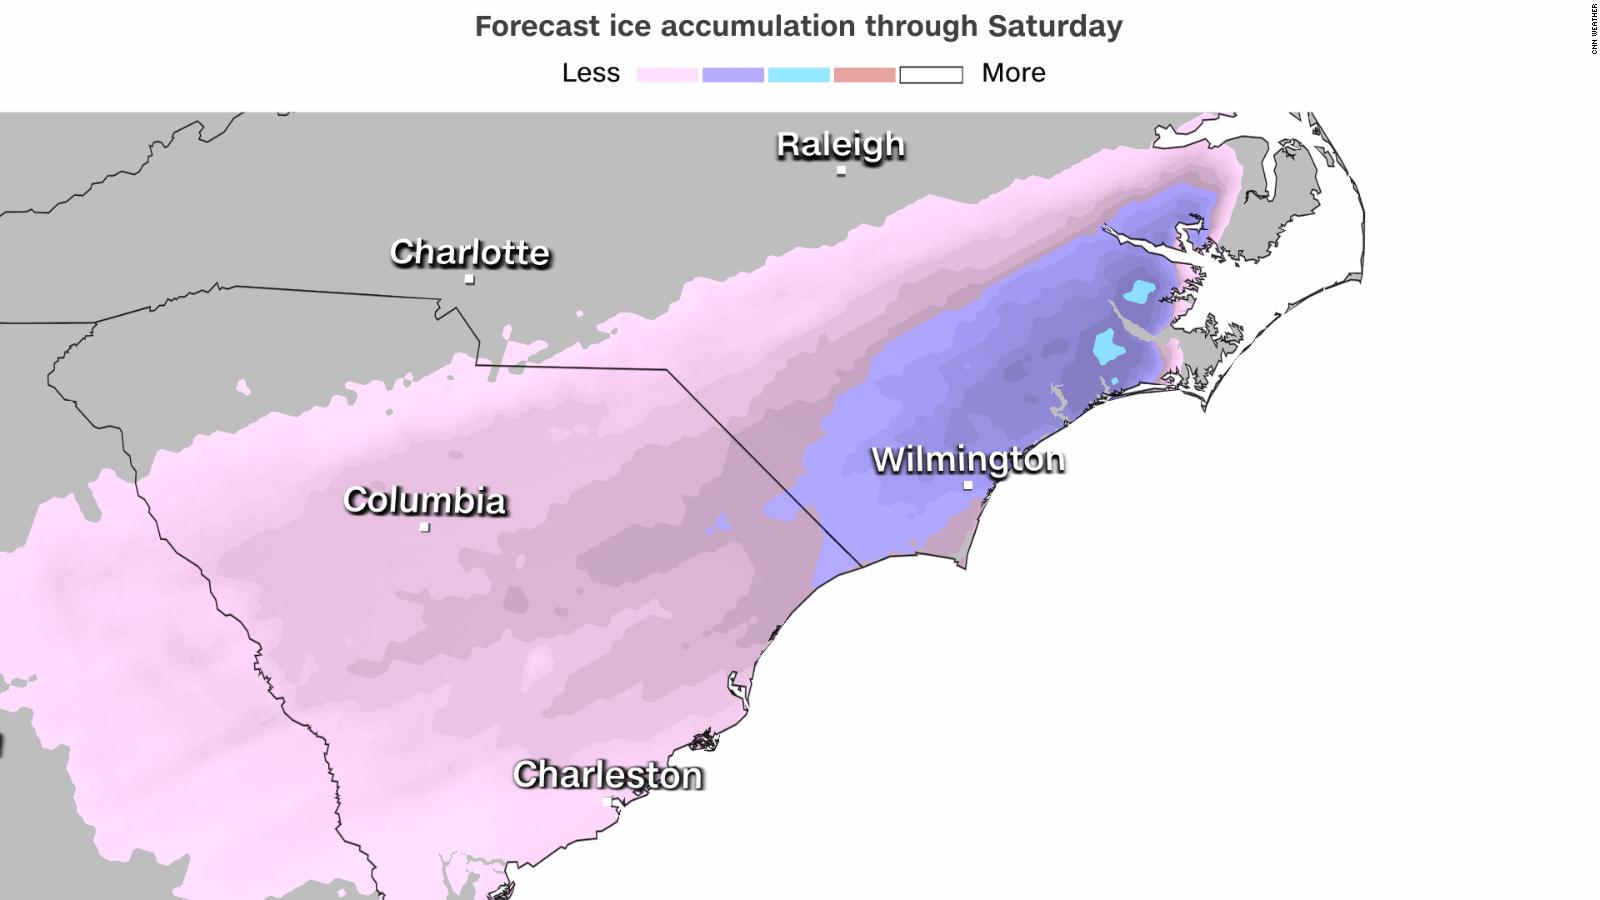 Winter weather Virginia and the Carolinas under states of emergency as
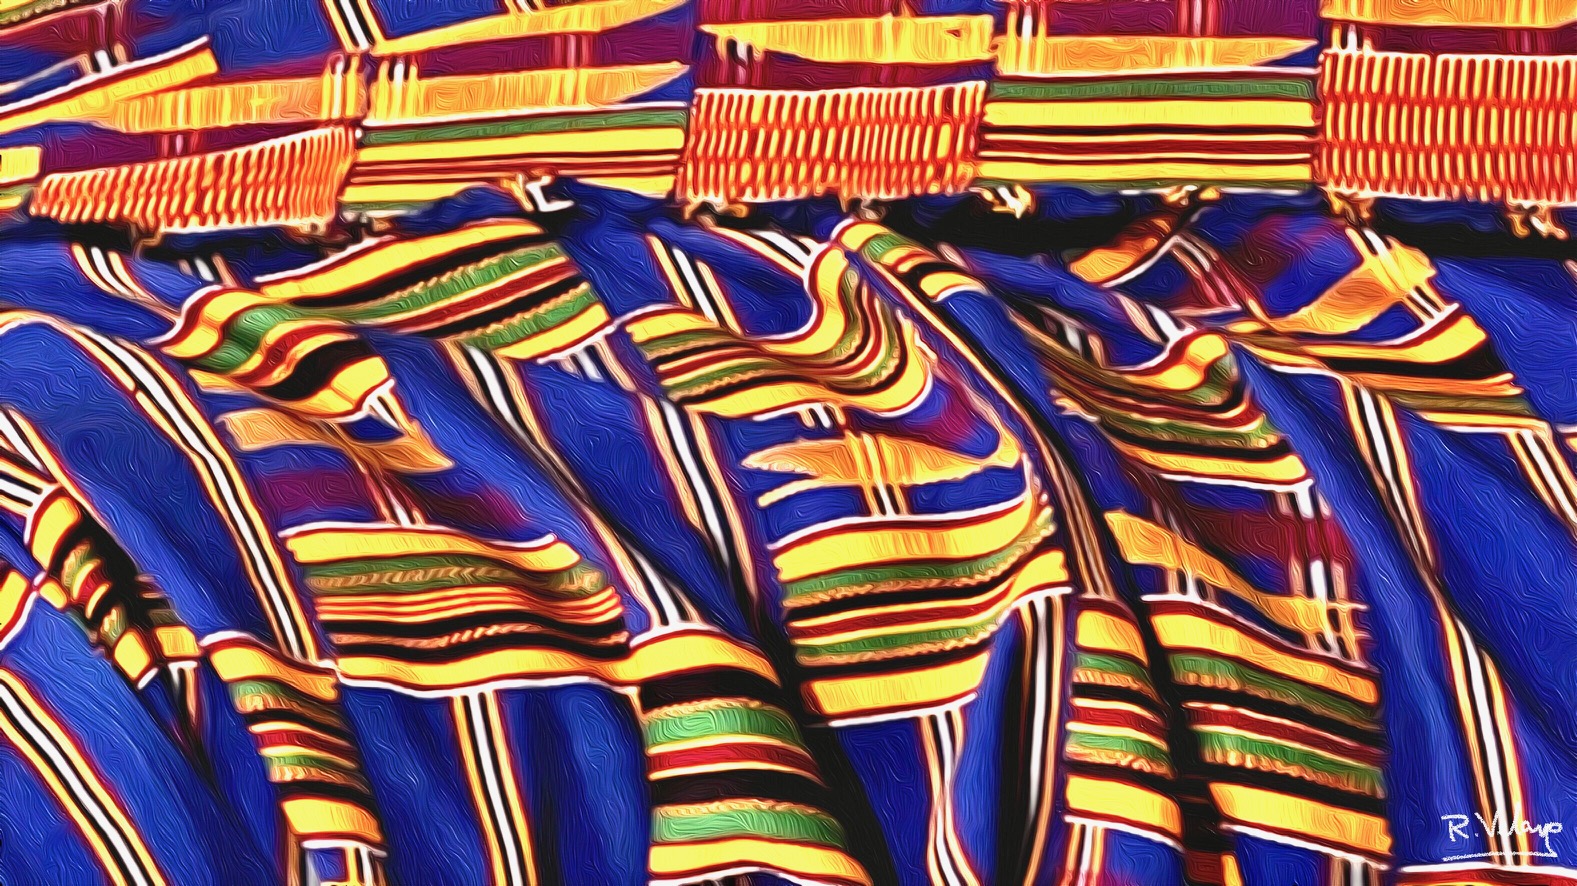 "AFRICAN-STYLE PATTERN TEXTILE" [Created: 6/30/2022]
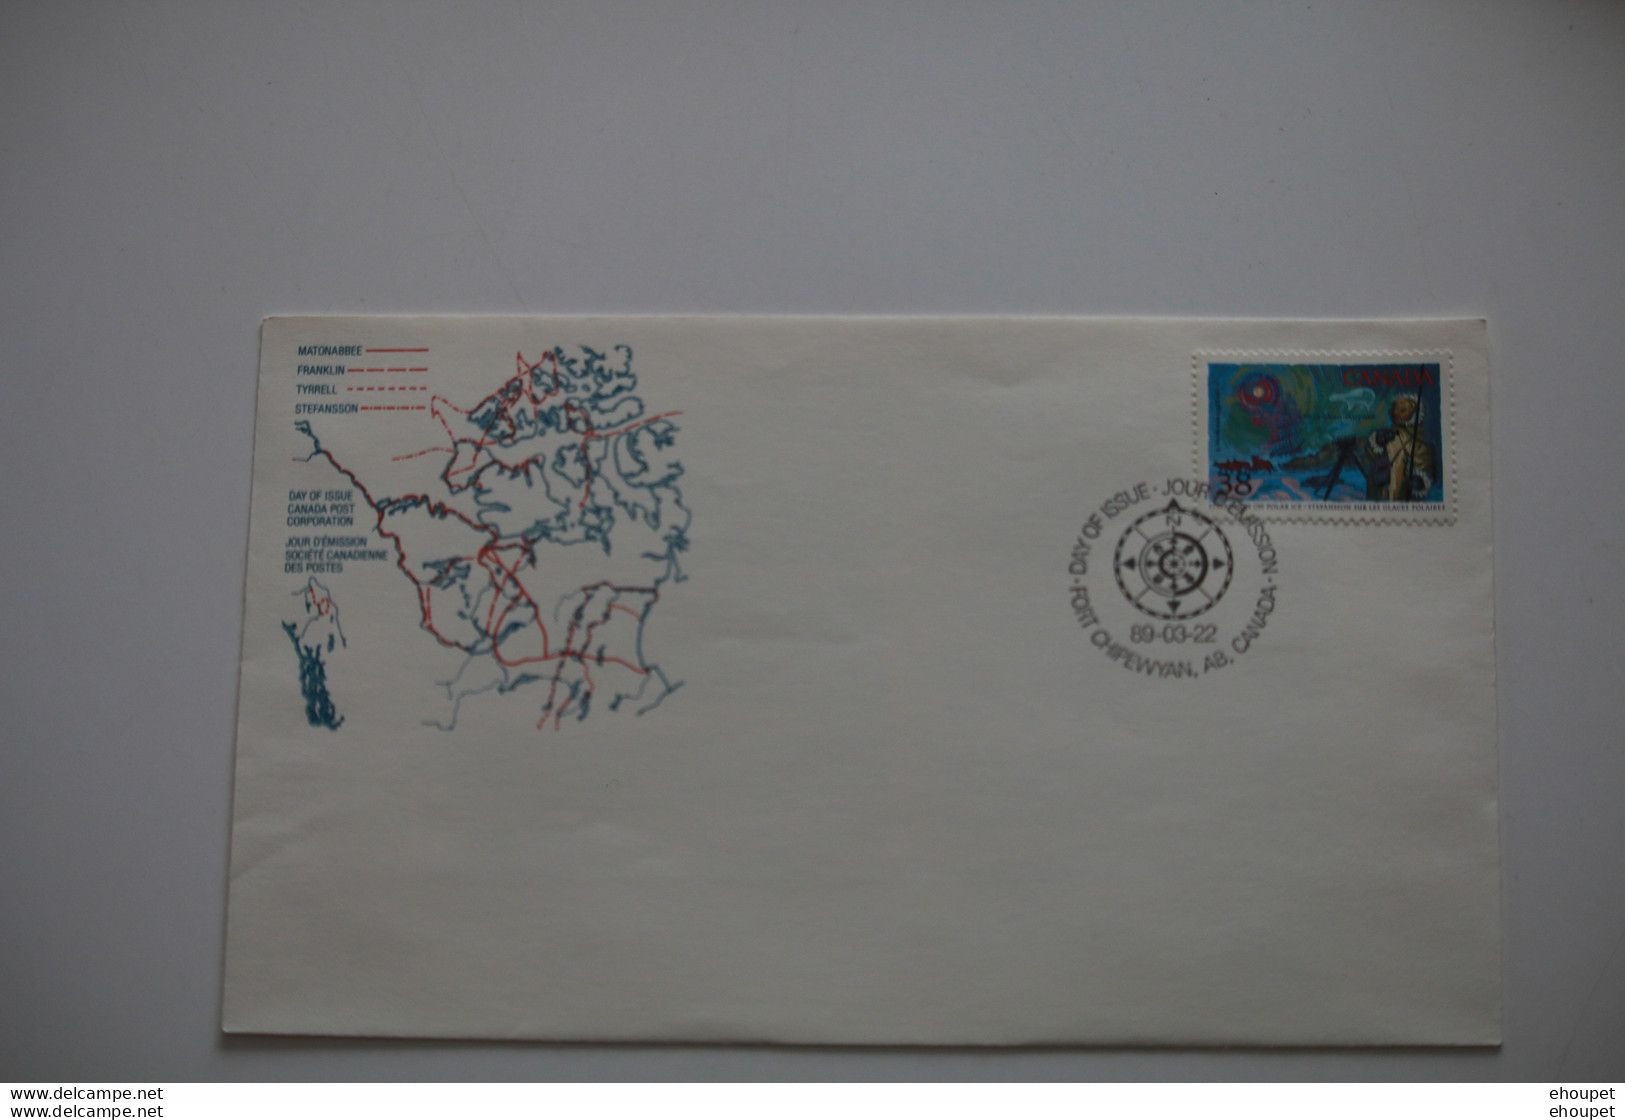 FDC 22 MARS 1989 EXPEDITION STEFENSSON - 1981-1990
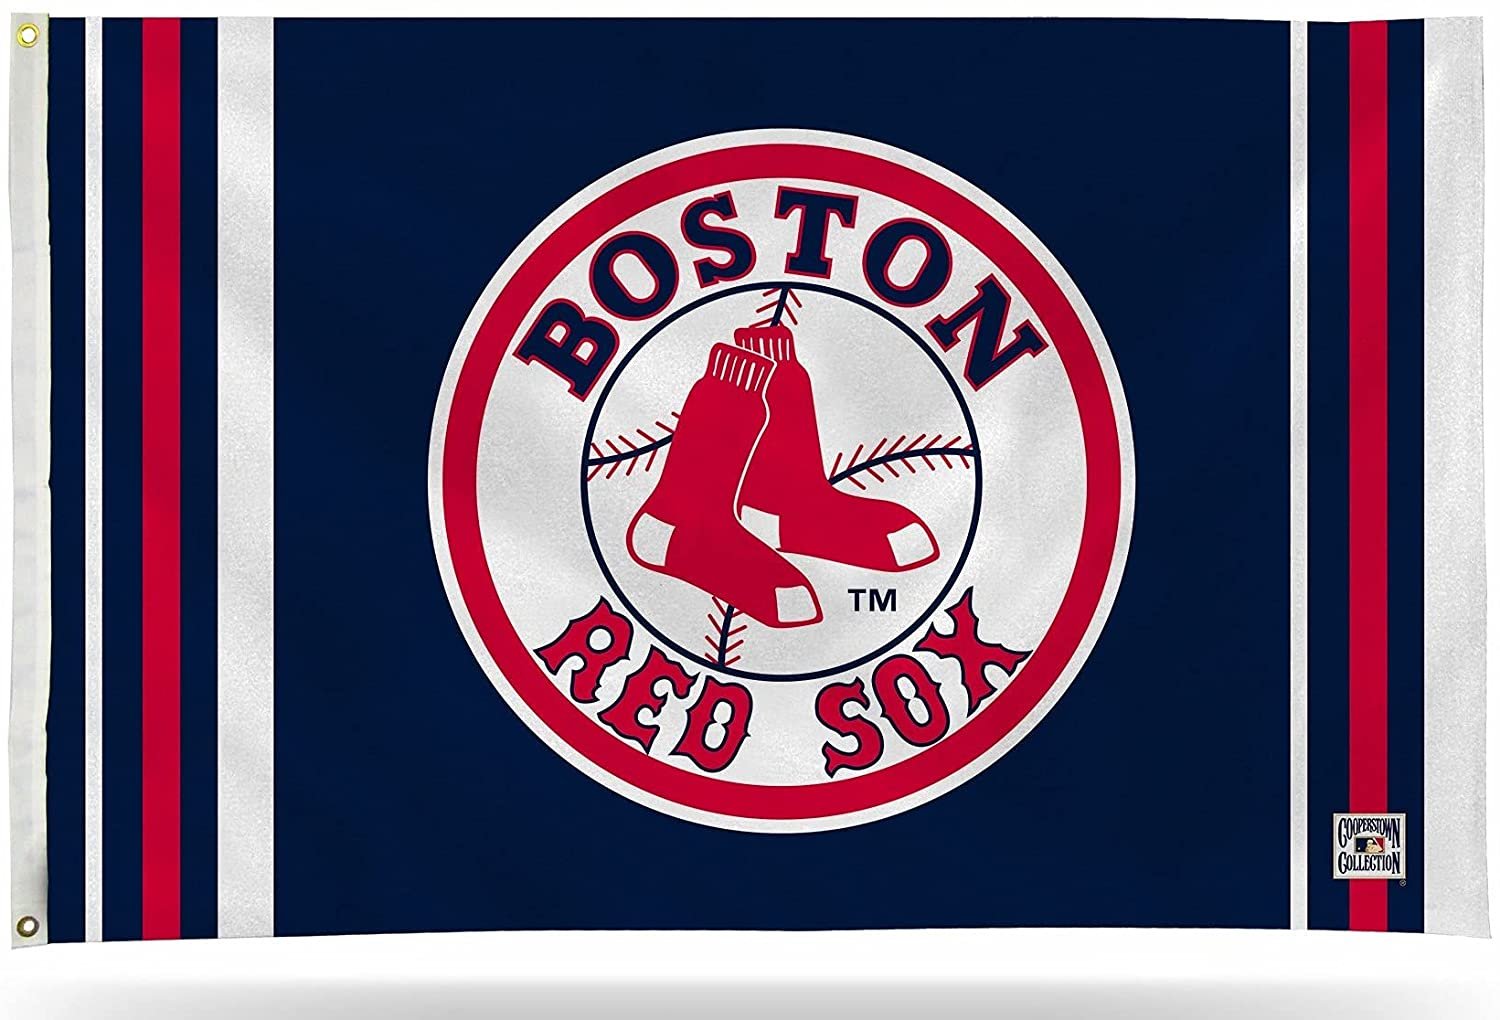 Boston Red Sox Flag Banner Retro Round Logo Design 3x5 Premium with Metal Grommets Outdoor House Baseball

• **Problem details**: Return all the data exactly, and keep the pictures out.

• **Response**:
 Winter weather Virginia and the Carolinas under states of emergency as
 "AFRICAN-STYLE PATTERN TEXTILE" [Created: 6/30/2022]
 FDC 22 MARS 1989 EXPEDITION STEFENSSON - 1981-1990
 Boston Red Sox Flag Banner Retro Round Logo Design 3x5 Premium with Metal Grommets Outdoor House Baseball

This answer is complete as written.